OBJECTIVE: This study aims to analyze possible associations between early stage GSV insufficiency and saphenous intracompartmental SWE measurements.
METHODS: Two-hundred consecutive patients, ages 22 to 81 (mean=44.3) years, with venous insufficiency symptoms underwent Doppler and SWE examinations. Patients had no visible or palpable sign of venous disease or had telangiectasia and reticular veins only. Analyses regarding patient age, gender, presence of venous insufficiency of GSV proper and intracompartmental connective tissue elasticity were performed.
RESULTS: Ninety-six patients had Doppler evidence for either bilateral or unilateral insufficiency of GSV proper at mid-thigh level. Intracompartmental elasticity of patients with venous insufficiency (mean=4.36±2.24 kilopascals; range 1.55 to 10.44 kPa) did not differ significantly from those with normal veins (mean=4.82±2.61 kPa; range 2.20 to 12.65 kPa) (p=0.231). No threshold for predicting the presence of venous insufficiency could be determined. Neither were there any correlations between age, gender and intracompartmental elasticity. In patients with unilateral insufficiency, however, elastography values around insufficient veins were significantly lower compared to contralateral normal GSV (p<0.001).
CONCLUSION: Many intrinsic and patient factors affect intracompartmental connective tissue elastography measurements; thus, cut-off values obtained from specific populations have limited generalizability. Nevertheless, statistically significant intrapatient differences of intracompartmental elasticity among diseased and normal saphenous veins indicate that lack of elastic support from surrounding connective tissues contributes to venous insufficiency in early stages. Copyright© Bentham Science Publishers; For any queries, please email at epub@benthamscience.net.

INTRODUCTION

Chronic Venous Disorder (CVD) is a frequent vascular disease of adulthood and is particularly prevalent in aging populations. It preferentially affects superficial veins of lower limbs, especially Greater Saphenous Vein (GSV). Deep venous system is less frequently affected because it courses through musculofascial structures providing mechanical stabilization. On the other hand, GSV lacks such strong muscular reinforcement, and is surrounded by and courses within the saphenous compartment. This adipose-filled potential space, bound superficially by saphenous fascia and deeply by muscular aponeurosis, extends from the inguinal ligament to dorsomedial aspect of the foot and provides structural support for the vein [1, 2].

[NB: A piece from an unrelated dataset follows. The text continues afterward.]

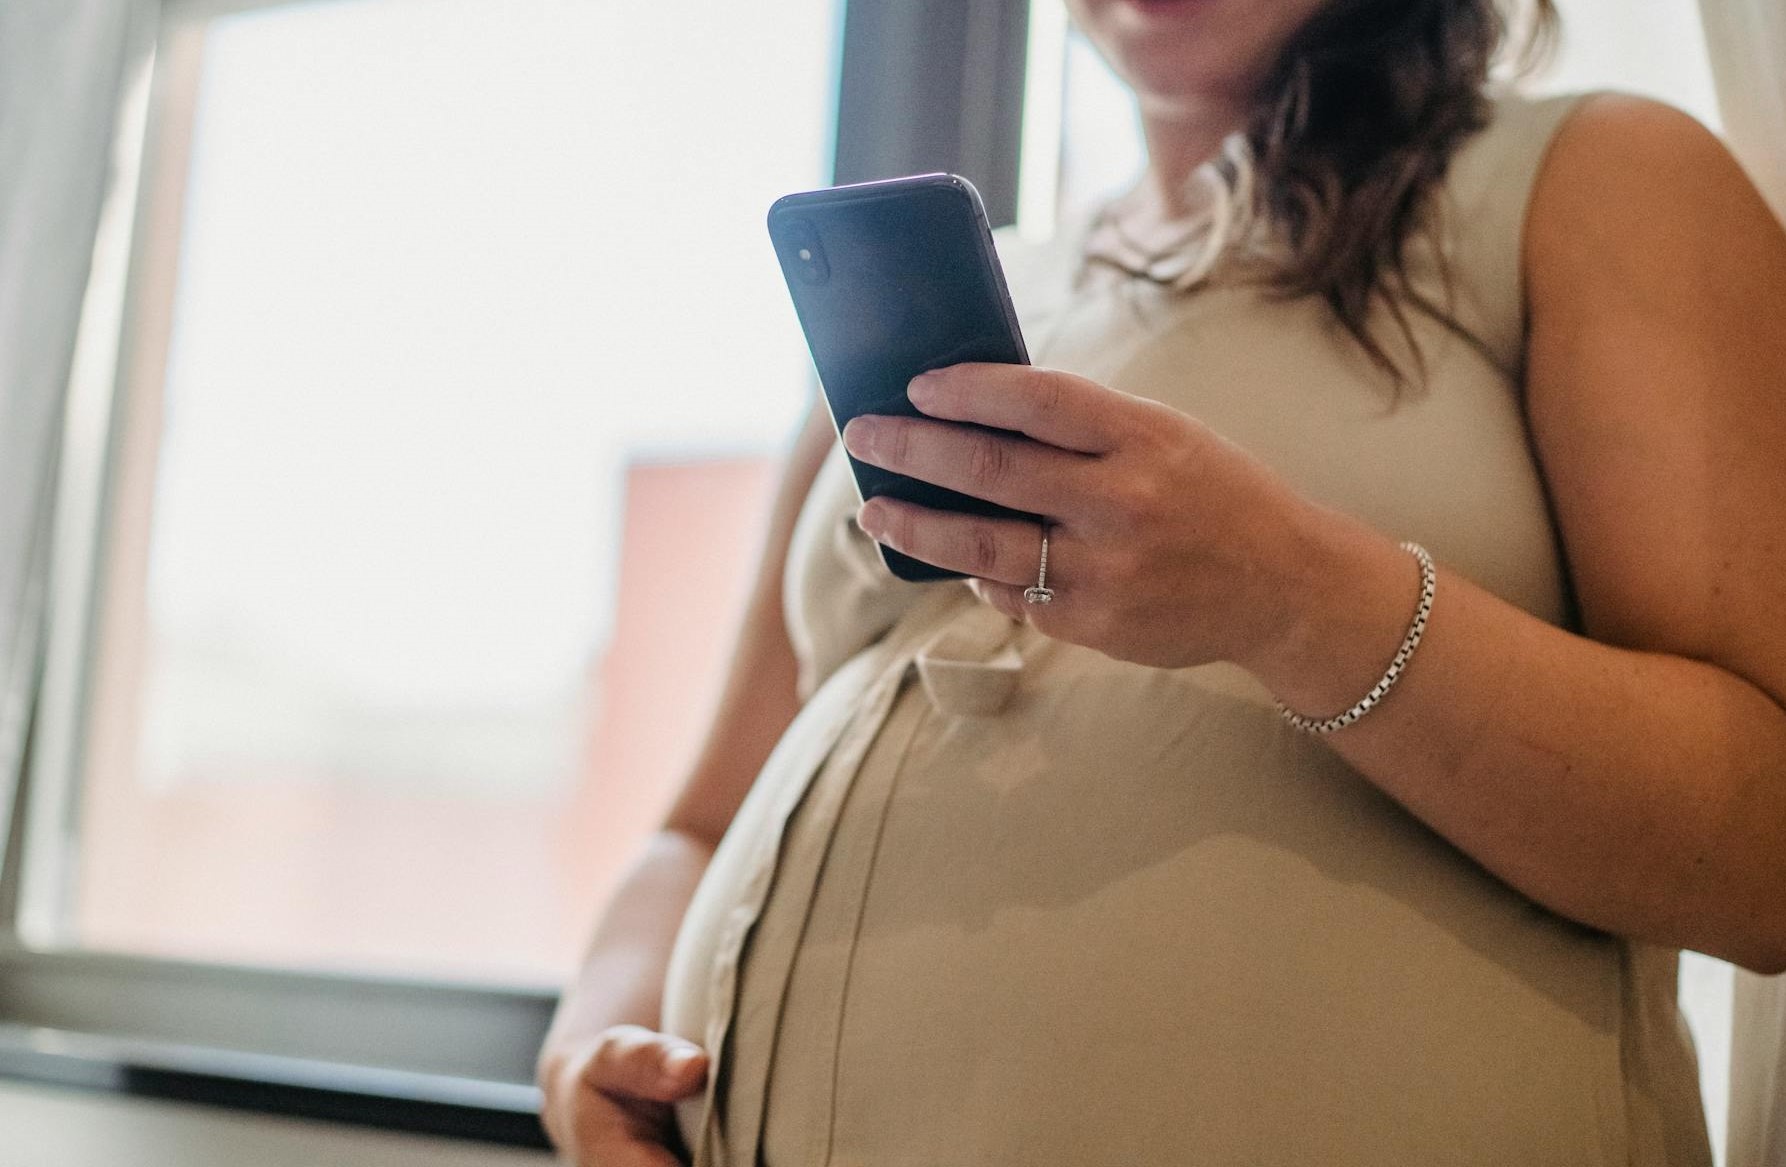 A pregnant woman holding a smartphone | Source: Pexels

Shear-Wave Elastography (SWE) is a non-invasive ultrasonographic technique providing objective and quantitative data on tissue shear elasticity modulus. SWE involves the generation of controlled shear-waves using an ultrasound push pulse. Shear-waves propagate slowly in softer tissues and their velocity increases while traversing through firmer structures. Ultrafast ultrasound acquisition is synchronized with shear-wave generation and tracks axial shear wave propagation through tissues as a function of time. This enables quantitative measurement of shear elasticity modulus of different tissues in terms of meters per second (m/s) or kilopascals (kPa) based on their firmness [3-5]. SWE has been used extensively in research regarding skin, subcutaneous soft tissues and musculoskeletal system in general [6-9]. Regarding venous pathophysiology research, SWE has been previously shown to accurately quantify and predict venous thrombus maturity both in vivo and ex vivo in animal models [10, 11].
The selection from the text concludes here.